Ма Амрито позвонила в это утро из Афин, где она встречалась с начальником службы безопасности, и сказала, что все идет хорошо и не о чем волноваться. Около двух часов дня я услышала какой-то шум.

Встав из постели, я проковыляла к двери и увидела Анандо, которая сказала мне, что прибыла полиция, а я должна возвращаться в постель. Вернуться в постель! Я быстро оделась, вспоминая из своего последнего переживания с полицией, что то, что вы одели, когда прибыла полиция, может быть тем, что будет на вас в течение нескольких дней в тюрьме.

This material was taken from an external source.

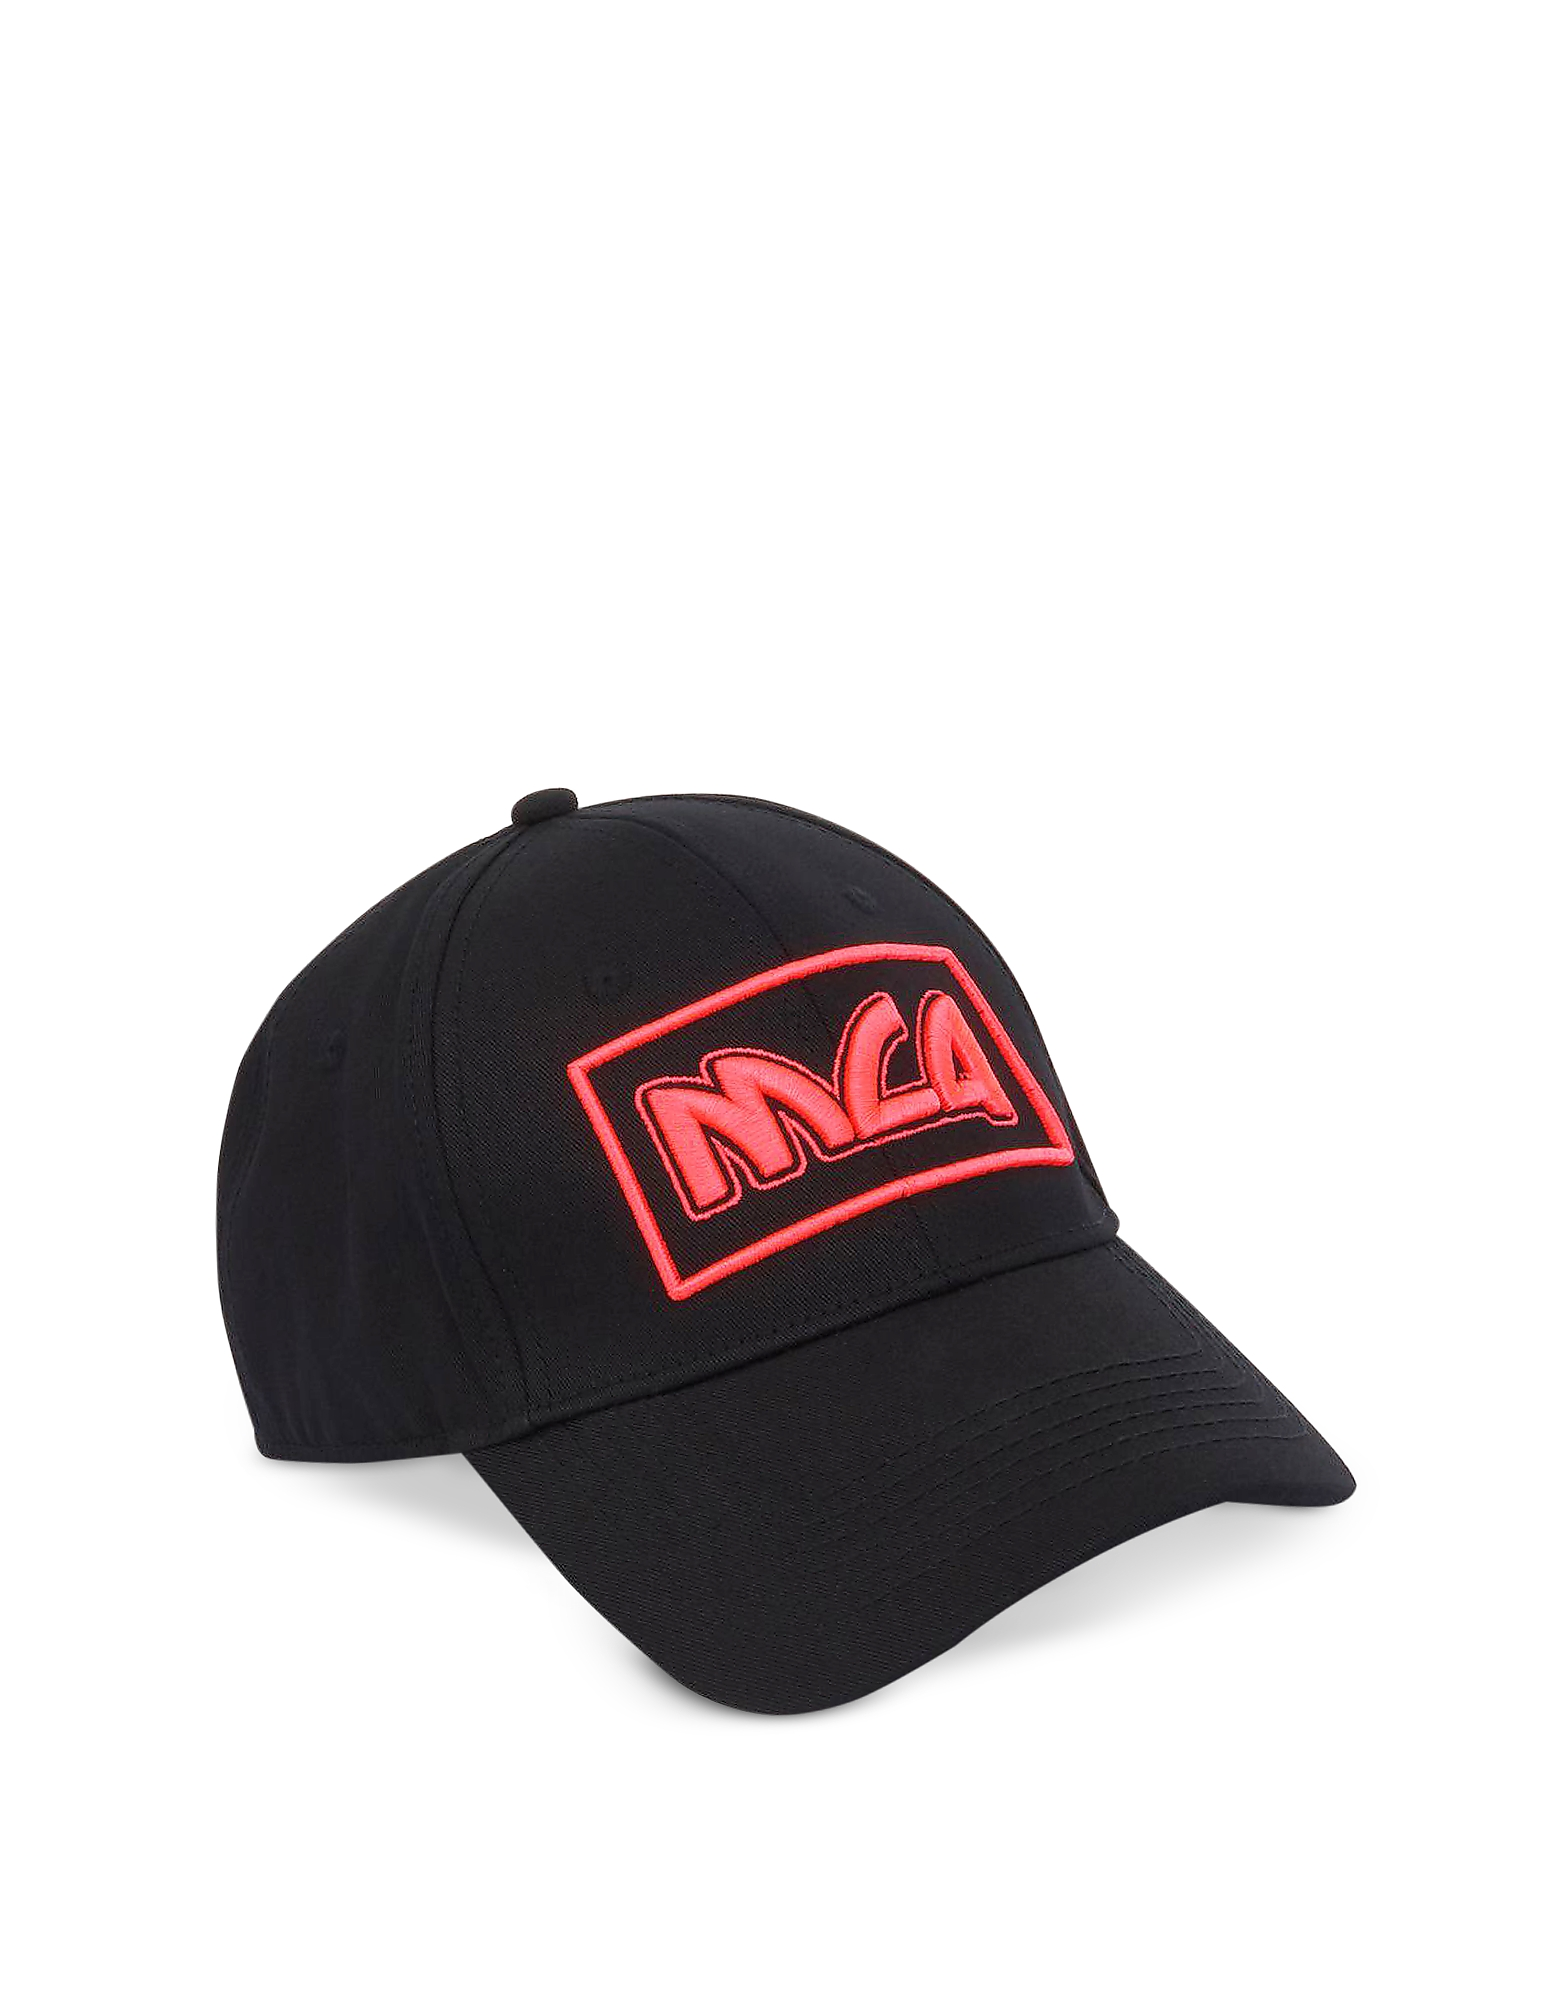 Mcq By Alexander Mcqueen Mcq Alexander Mcqueen Metal Logo Cotton Baseball  Cap In Black   Pink 5cd975868a6c

Я подошла к дому и увидела, что он окружен кричащими агрессивными мужчинами в штатской одежде с оружием, и примерно двадцатью полицейскими в форме. Четверо полицейских тащили Анандо в местную тюрьму, они схватили также еще одного друга, который пришел помочь. Я побежала вверх по ступеням на веранду, встала перед дверью и сказала полицейскому: "Это, должно быть, какая-то ошибка. Пожалуйста, подождите, наши адвокаты свяжутся с начальником полиции, и это все будет решено". Он сказал мне: "Я начальник полиции!" Я настаивала на том, что это ошибка, и нужно связаться с высшими властями. "Я член магистрата", - сказал другой человек!

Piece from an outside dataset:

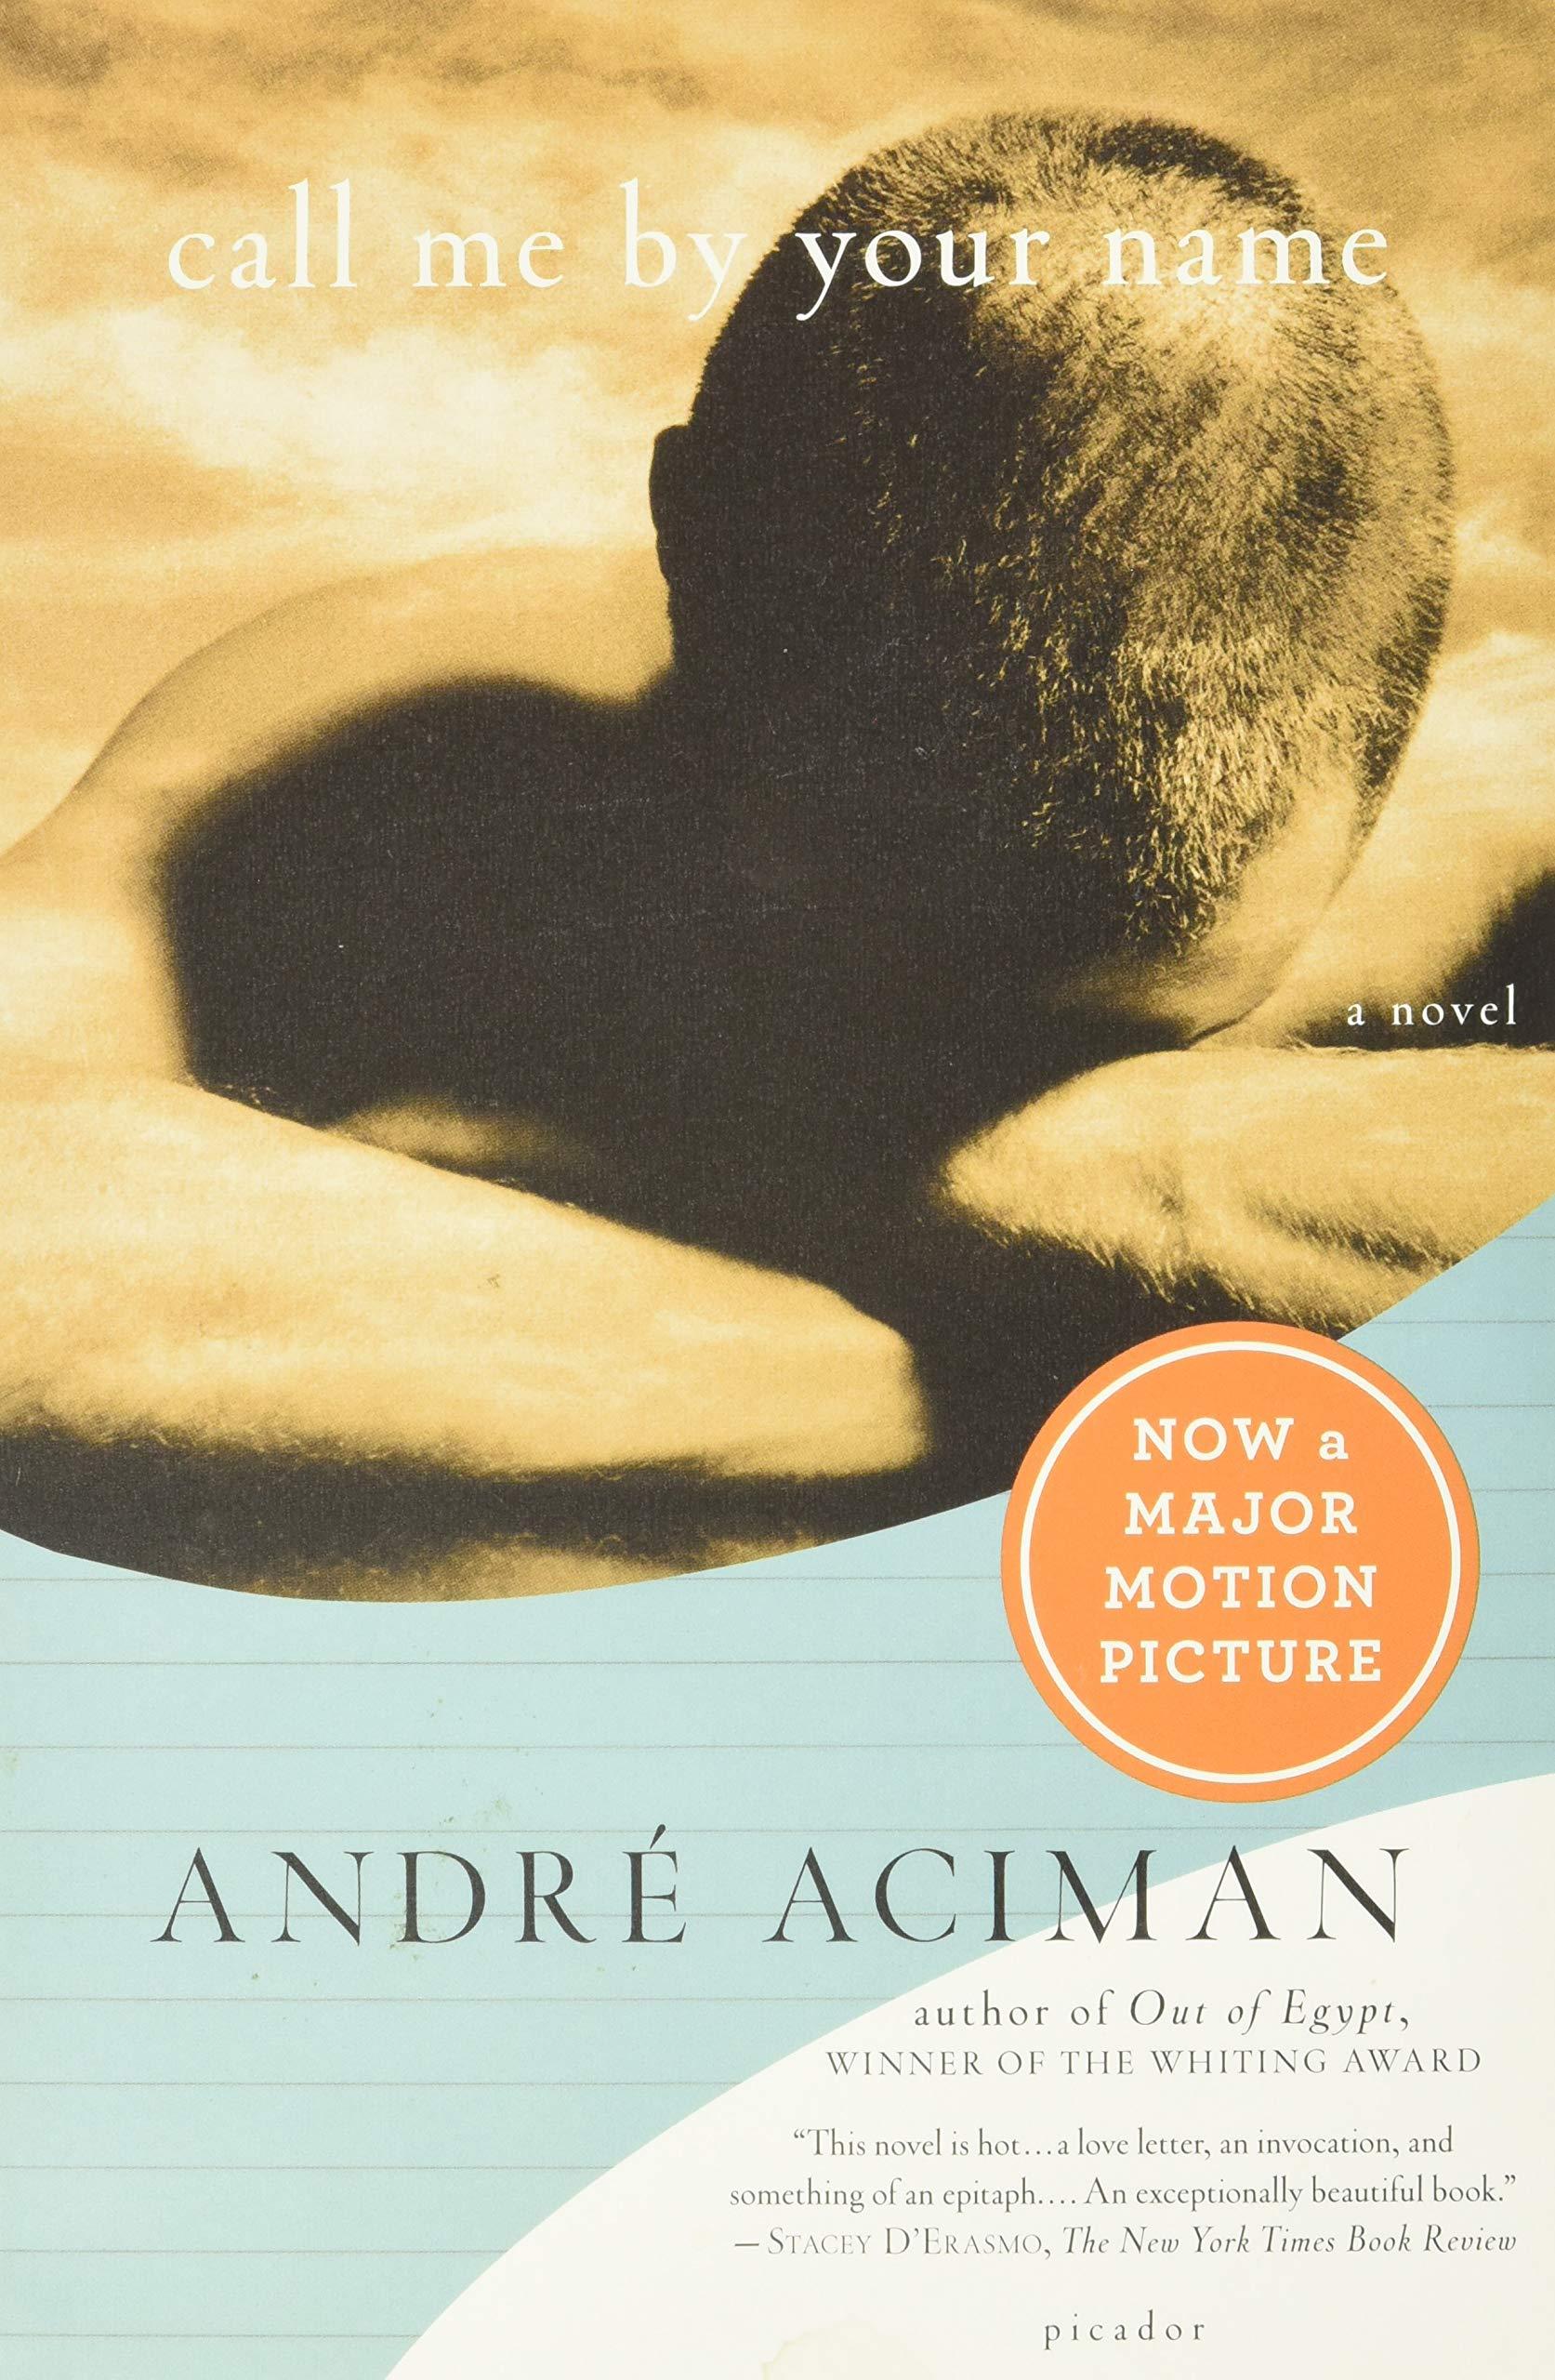 Amazon.com: Call Me by Your Name: A Novel (9780312426781): André Aciman:  Books

Я была убеждена, что происходит ужасная ошибка, и что если только мы сможем остановить полицию, чтобы она не входила в дом до тех пор, пока не подоспеет помощь, все будет в порядке. Но эти люди вели себя так, как будто они были посланы со срочной, опасной миссией. Это напомнило мне арест в Шарлотте, когда те, кто арестовывали нас, не знали, что они делают, но думали, что они арестовывают опасных террористов.

Люди разделились на группы по два-три человека и начали красться вокруг дома, стараясь найти вход. Я побежала за двумя из них, которые собирались влезть в окно, встала перед ними и закричала: "Нет". Они старались оттолкнуть меня, но я не дала им подойти близко к окну. Мое лицо было в синяках и порезах от происшествия с мотоциклом, и я думаю, что это вселяло в меня храбрость, что они не тронут меня. Если бы они это сделали, я знаю совершенно точно, что для них бы это кончилось плохо, потому что я обвинила бы их в том, что они нанесли мне эти раны. Может быть, они знали это тоже, но что бы они не думали по поводу того ужасного состояния, в котором было мое лицо, они позволяли мне свободно двигаться, хотя я создавала им проблемы.

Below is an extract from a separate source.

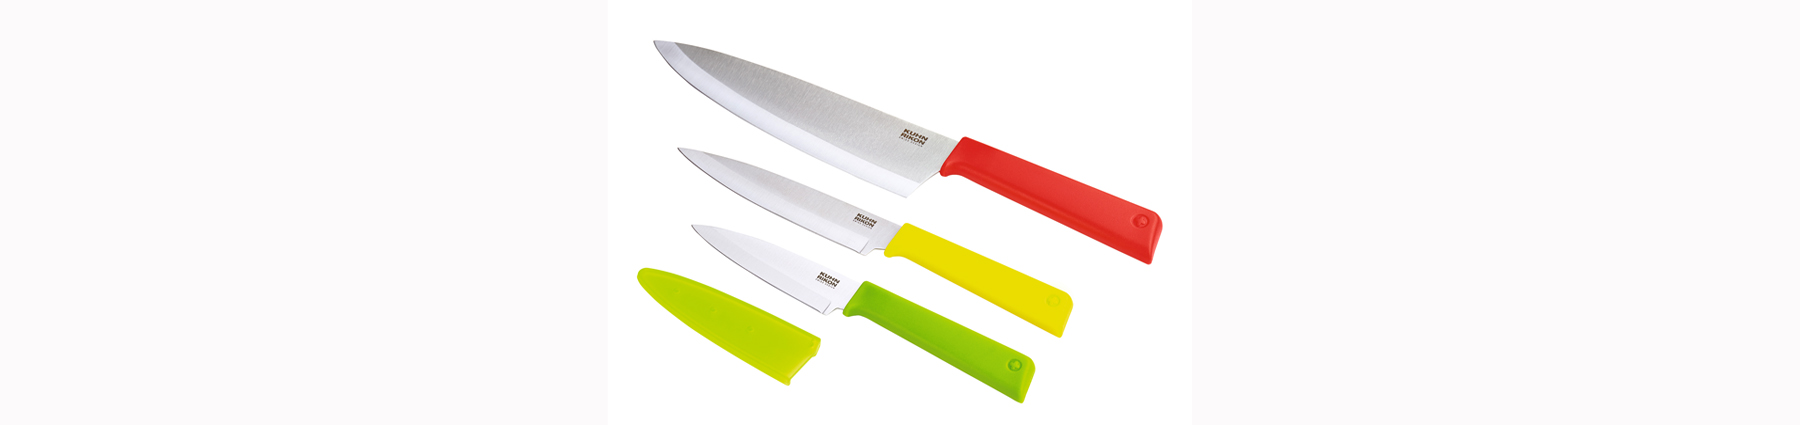 Colori®+ Classic Cutlery

Японская Гита пришла помочь, и хотя она была меньше чем пять футов высотой, у нее была сила, на которую можно было рассчитывать, и она преследовала людей, которые пытались залезть в окно.

Я побежала вокруг дома, и каждый раз, когда я видела, что они собираются врываться, я вставала перед ними. На одном конце дома стоял полицейский в штатском, ноги расставлены, а в руках он держал над головой большой камень. Он выглядел как Голиаф в библейской истории, и он собирался швырнуть камень в окно.

Я увидела, что за окном были Ашиш и Рафия и наше видеооборудование. Если он кинет этот камень в окно, тогда он их очень сильно поранит. Я встала между "Голиафом" и окном и закричала на него:

"Я думала, что на Крите полицейские друзья людей, но вы просто фашисты!" Еще двое полицейских в форме присоединились к нему, и один из них, его лицо стало ярко красным, крикнул мне: "Мы не фашисты!" - и Голиаф положил камень на землю.

Затем я услышала звук разбивающегося стекла и, побежав за угол, я успела как раз вовремя, чтобы увидеть, как трое полицейских карабкаются вверх по четырехфутовой стене и забираются через окно в дом. Я увидела, что они пересекают комнату, направляясь к лестнице, и краем глаза увидела, что главная дверь тоже открыта. Я забралась через разбитое окно за ними и побежала к спиральной лестнице, которая вела в комнаты Ошо.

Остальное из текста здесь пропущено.